I was going to just do a bunch more examples. Unless anybody else has a question. Because chapter six has a bunch of sort of crazy problems.

So here's chapter six, problem eleven. A four kilogram ball rotating in the horizontal plane supported by two strings. Alright, so this one has some sort of pole here, and then there's a ball, and the ball is being attached by one string,

and by a second string, and it's moving in the horizontal plane, like this. And so we're also told the mass...

here is four kilograms and that this is two meters, two meters, this height here is three meters and then it asks us to build a free body diagram and find the tension. It really

says find the tension in the strings, okay? Find the tensions in the string. Well the first thing you do is build a free body diagram, right? You have your picture of the problem which helps you understand what's going on, but we want to understand the motion of the ball, so let's focus on that. So what are the forces here? All right, let's start

with gravity, mg, and then tension, somebody said? Which direction does tension go here? Two tensions, right? T and T, and let's call this TA and TB, okay? Now these guys are at an angle,

so it'd be very handy to know what that angle is so we could break these guys into different points into our force balancing equations, right? How do we figure out what that angle is? Yeah,

we're told this is two meters, this is 1.5 meters, so we can figure it out. Sine of theta is 1.5 over 2, giving theta is 48.6, okay? And that means a radius of 2 times

cosine theta, so 1.32 meters. So just, this one is R here, because this thing is moving

in a circle, right? Okay, so what do we do with that? Well, we want to figure out what TA and TB are, so what we do is we write down the sum of the forces and we figure out what that relates to, right? So in Y, sum of the forces, all right,

and let's be careful again about our axes. This is positive Y, negative Y, we'll call this positive X. Okay, so in Y, what are the equations? Gravity, right,

which is down, negative MG, and then we have TA Y component, right? TA sine theta

minus TB sine theta, right? And what is this whole thing equal to? Zero, right? It's moving in a horizontal plane, it doesn't move off the plane, so it's an equilibrium in Y. Okay, so here we have the equation, we know theta, we know MG, so we have one equation with two unknowns, fortunately we have another component, right?

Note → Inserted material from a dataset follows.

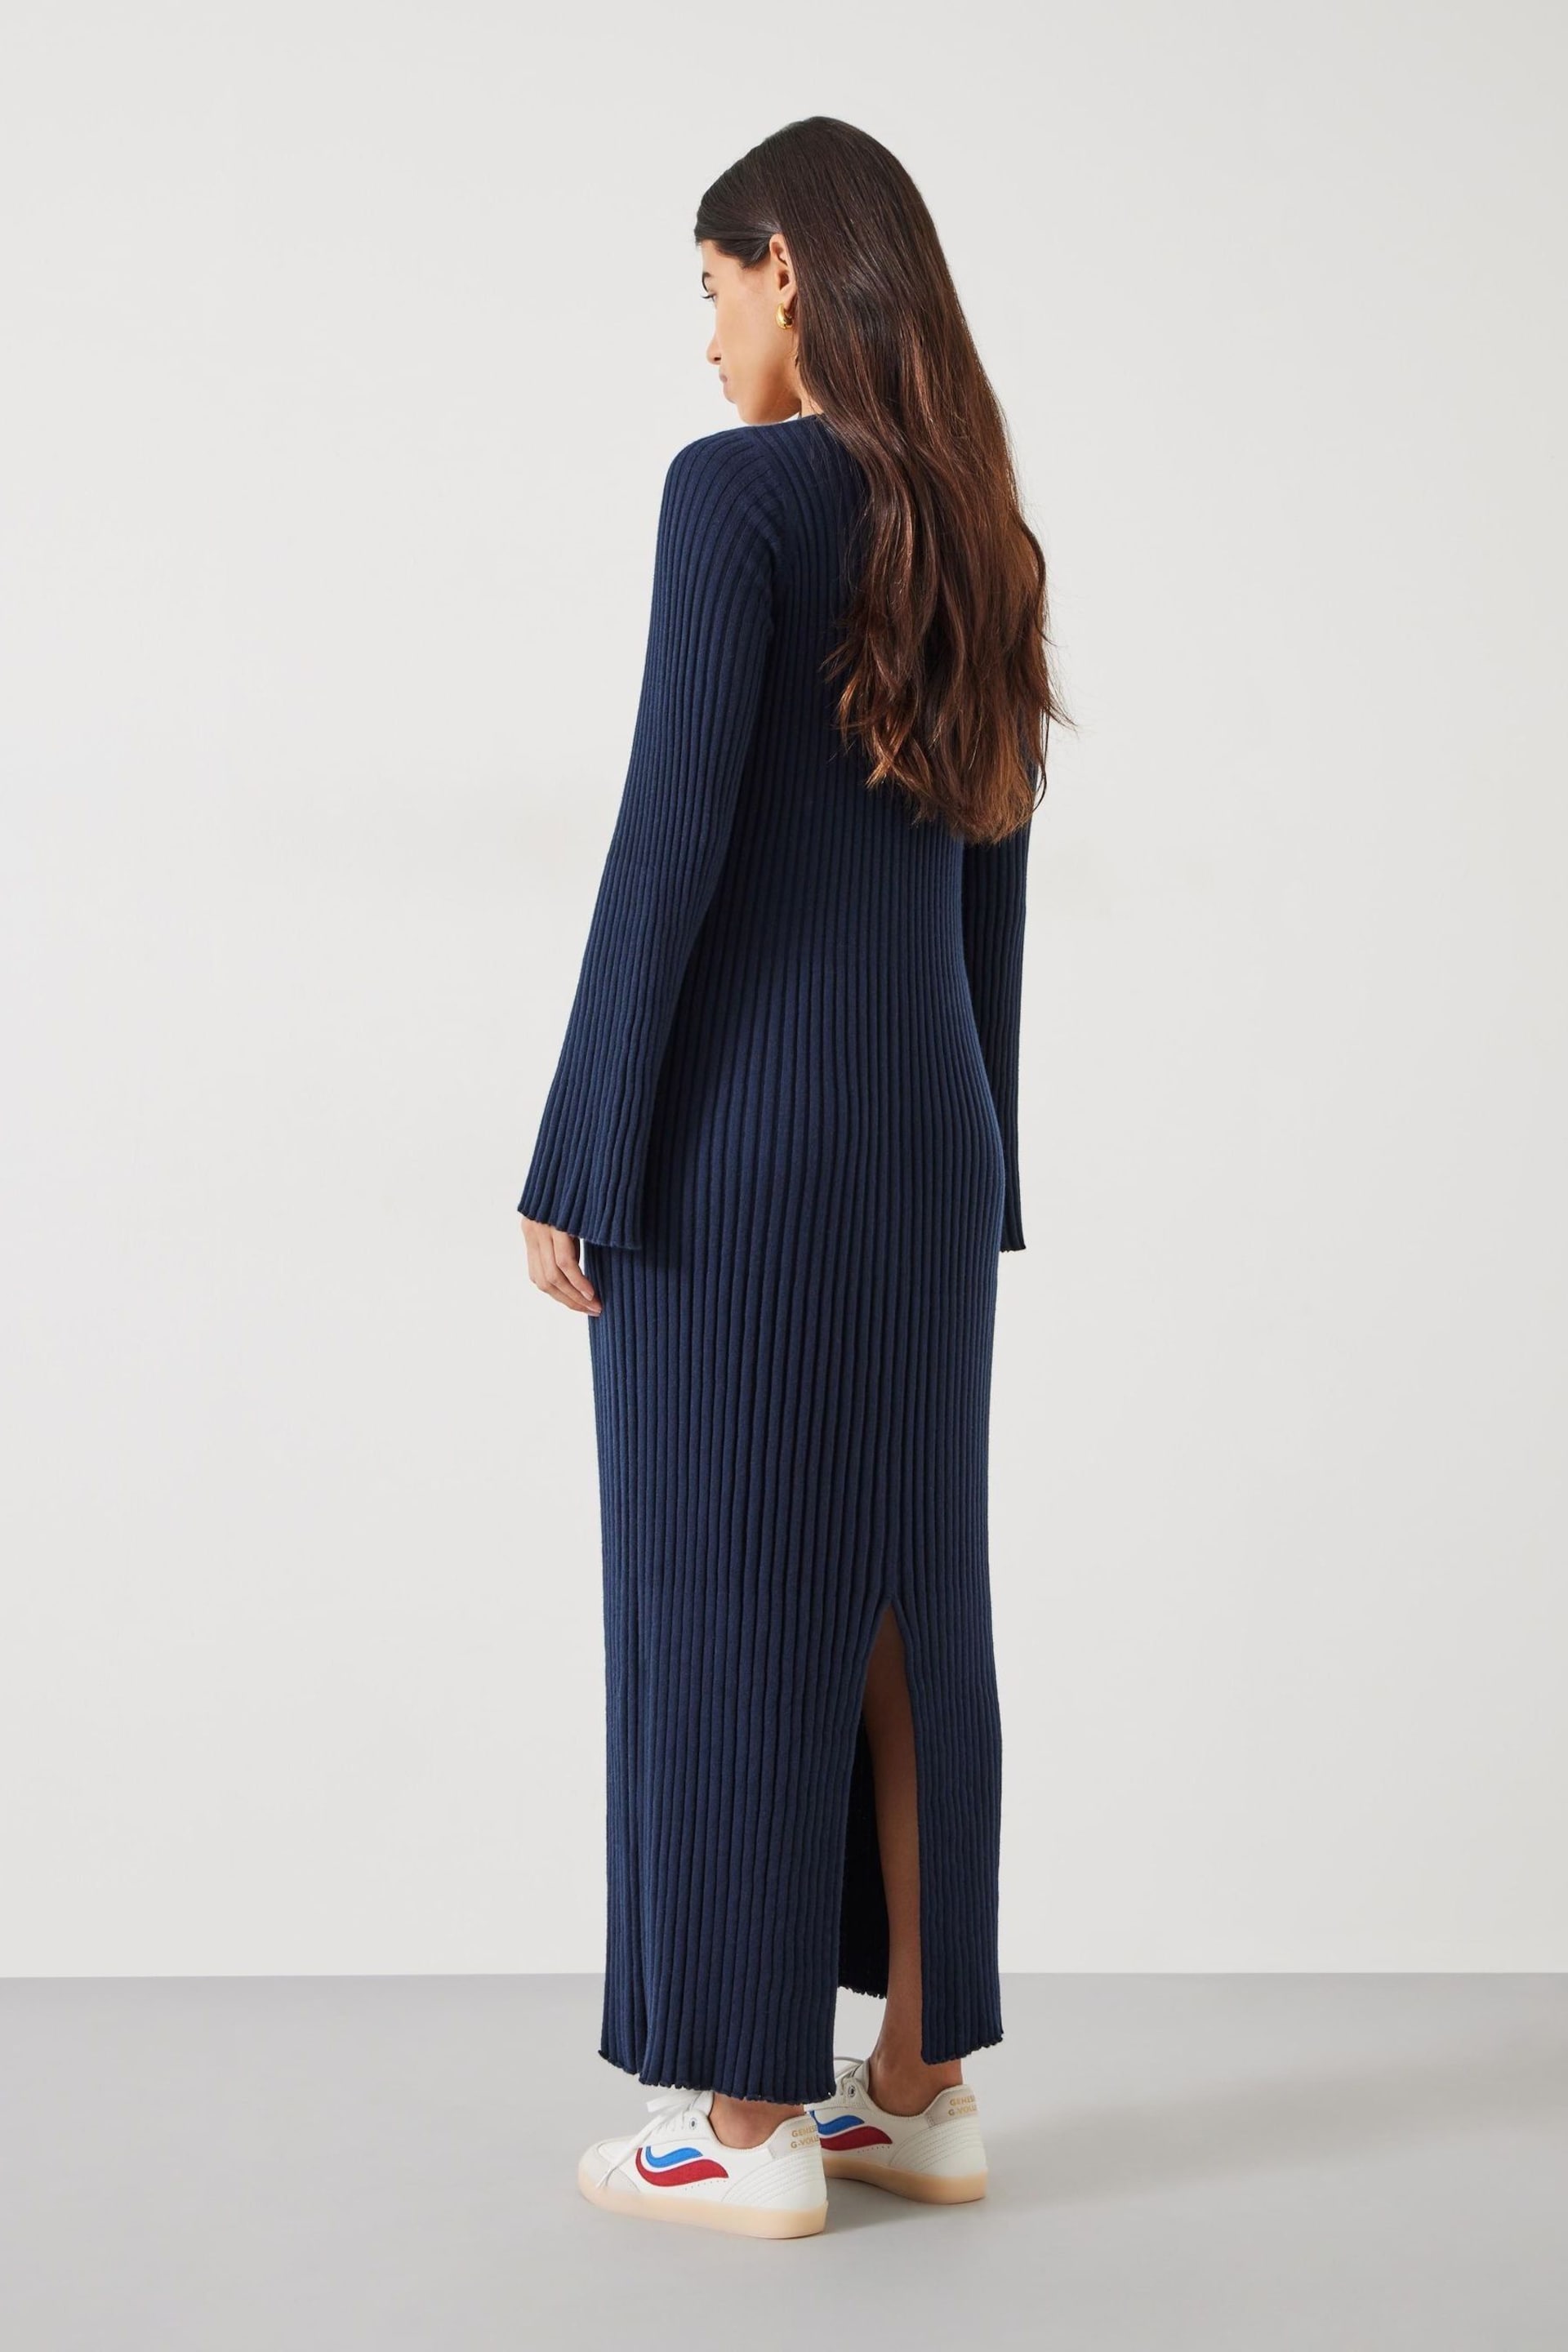 Hush Blue Penny Crew Neck Ribbed Knitted Dress - Image 2 of 5

So let's do the X component. Okay, so in this case the sum of the forces in X, so what are the forces here in X? So we have two tensions, right, and they're both

pointing in the same direction? Yeah, they are. So it's two, we don't know that A and B are the same, so TA cosine theta, TB cosine theta, although these

really should be negative, because I define X to be negative to the left, right? And what is this equal to? Is it equal to zero? MB squared over R, right? And I forgot that it says up here, rotating velocity is six meters per second.

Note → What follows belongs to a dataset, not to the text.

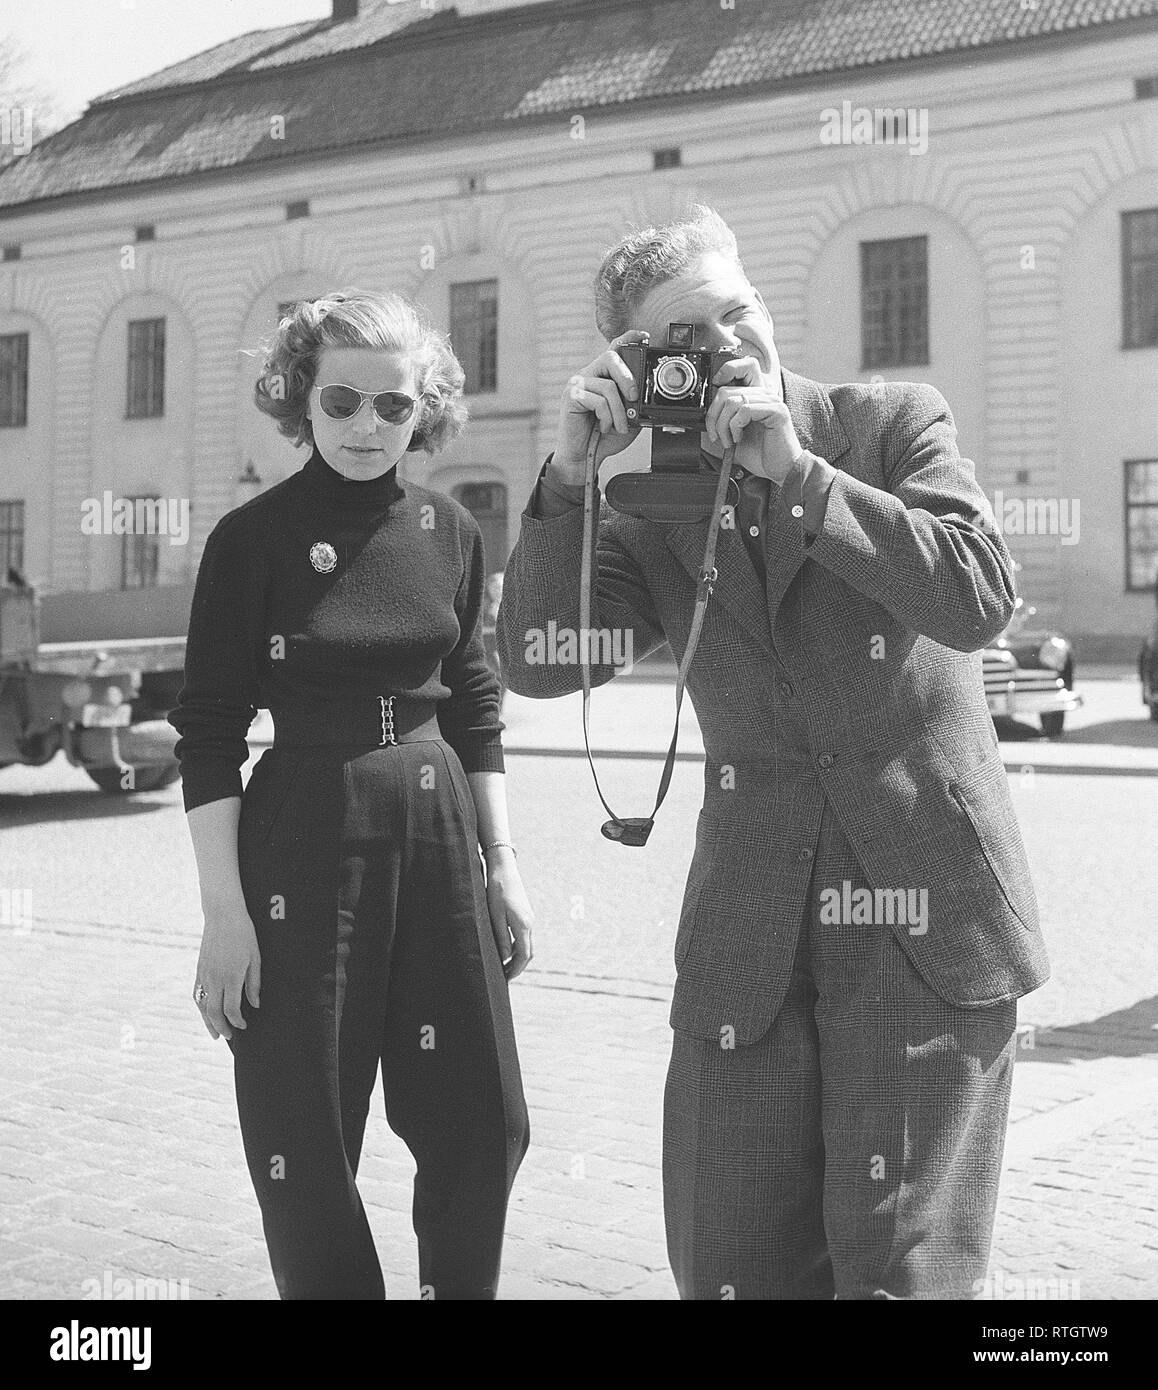 Amateur photographer in the 1950s. A young man is aiming at the photographer with his camera. He is american actor Burgess Meredith taking a picture of his swedish wife Kaja Sundsten.   Sweden 1952. Photo Kristoffersson Ref BF78-1 Stock Photo

Okay, so now we have two equations, how many unknowns do we have? We know mass, we know velocity, we know radius, we know theta, we don't know TA or TB, which is the point of the problem, right? And now we have two equations, and two unknowns. So in principle we can solve this one, right? So how do you do it? Well, this one you can write as

TA sine theta minus TB sine theta equals mg, right? Which means TA minus TB

equals mg over sine theta, whereas this one you can reorganize to say TA plus TB equals

MB squared over R cosine theta, and then you have TA minus TB, TA plus TB, and then add these two together to get two. TB is MB squared over R cosine theta minus mg

sine theta, and so there's a solution for TB, you can plug in the numbers we know,

and then you can solve for TA given any of these guys. So I get TB is 56 and TA is 108. So does that make sense?

Why are they so imbalanced? That's right, TA is balancing gravity while TB is not, right? In fact, TA is balancing gravity and TB. TB has to pull in order to make it move in a circle,

because TA has to compensate for that as well. So TA is balancing gravity and the part of TB which is helping gravity out. Other questions? Okay. Okay, that's actually the only example I

had here. So we'll end a few minutes earlier. If somebody has a question, I'll stick around. Yeah, there is rotational energy. You can do rotational work. We'll talk about that later.